● **What you will do**
Give the listing again, word for word, and let no picture into it.

● **Exercise data**
______

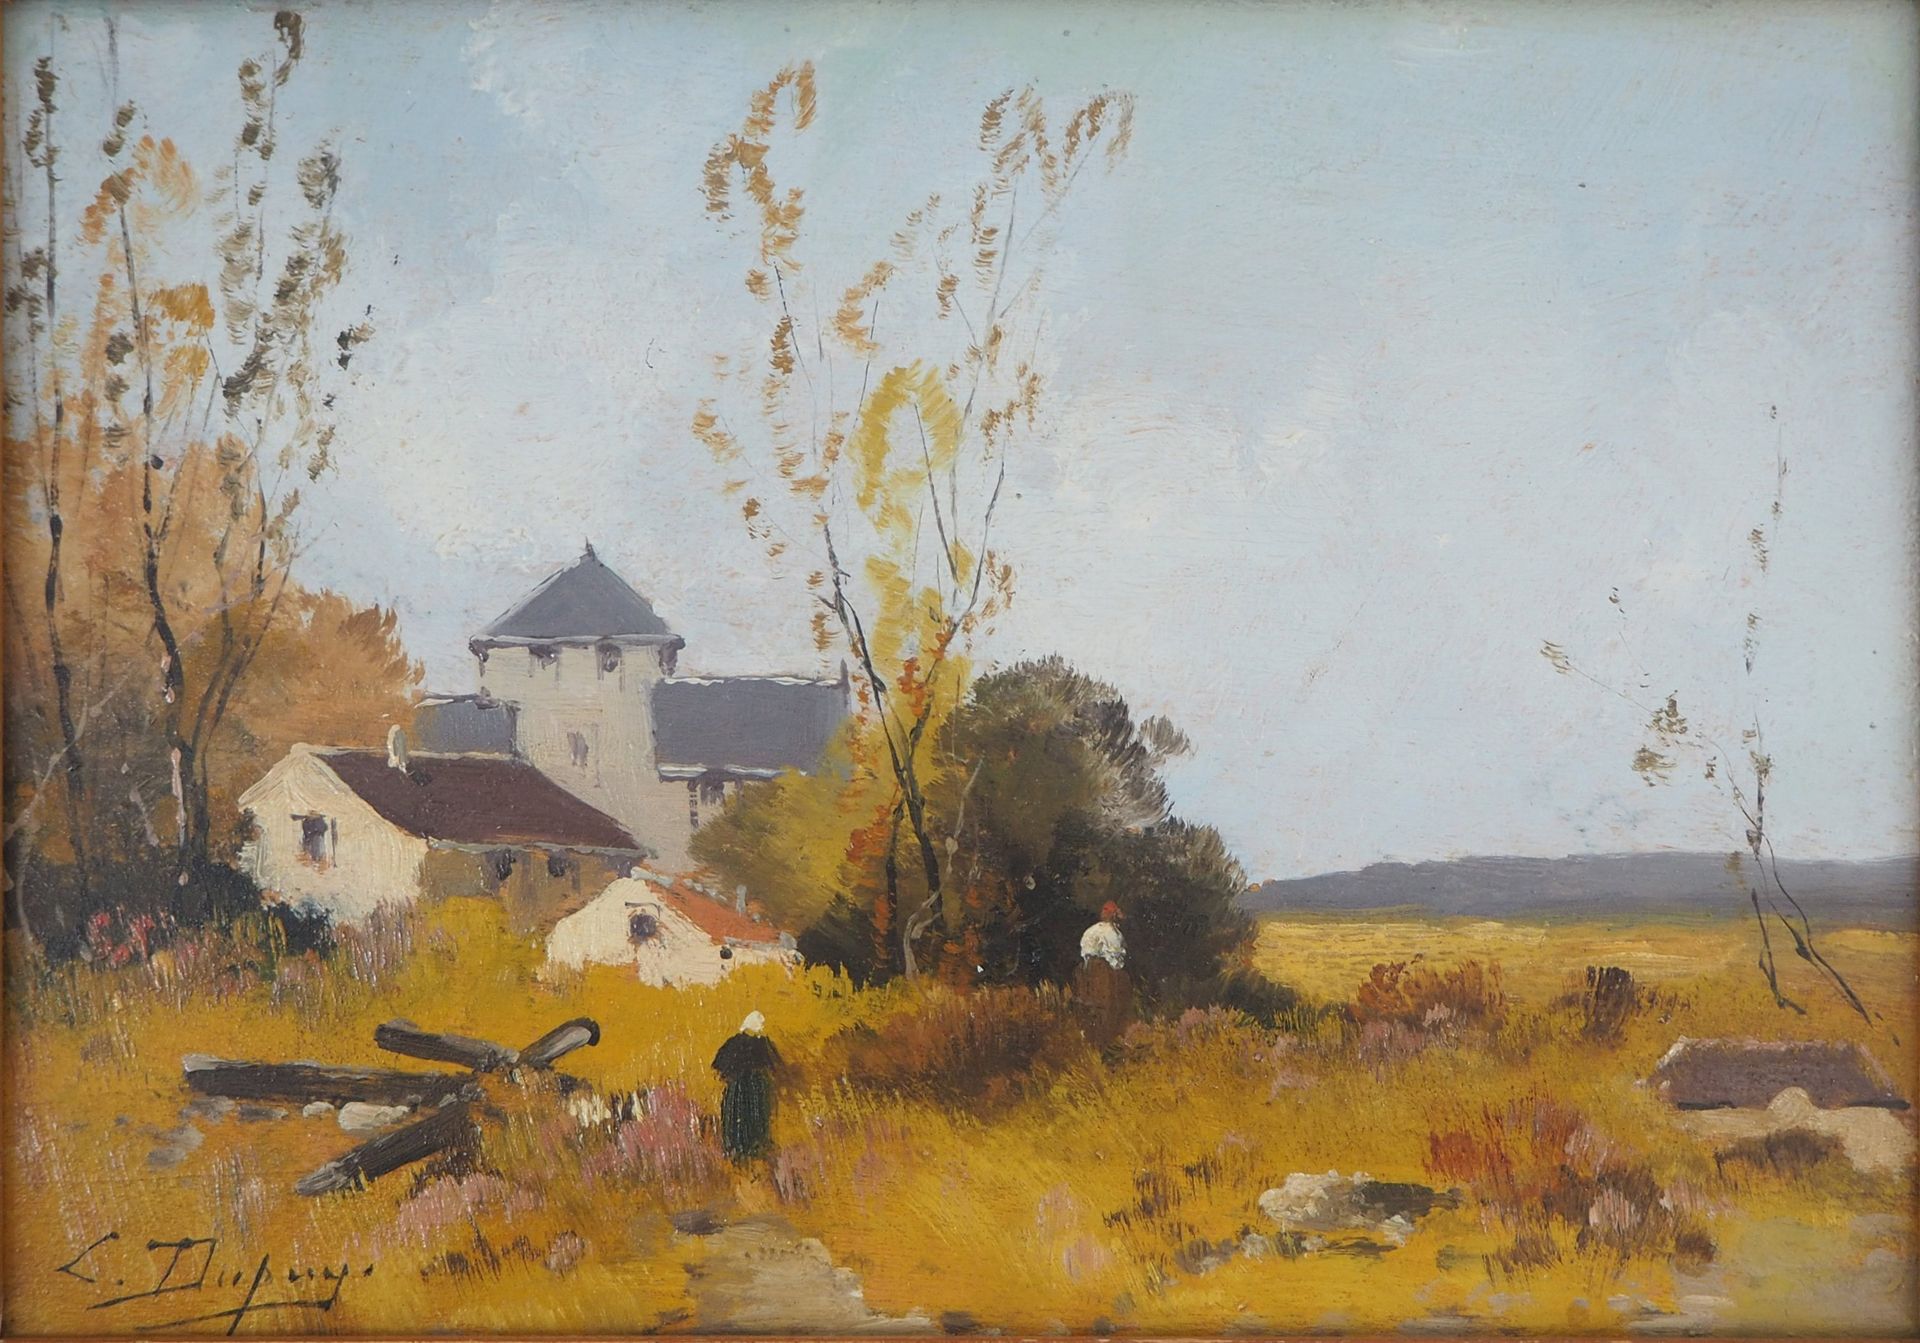 Eugène GALIEN-LALOUE Eugène Galien-Laloue (1854-1941)

Granja en otoño

Óleo sob&hellip;

______

● **Solution for this task**
 Eugène GALIEN-LALOUE Eugène Galien-Laloue (1854-1941)

Granja en otoño

Óleo sob&hellip;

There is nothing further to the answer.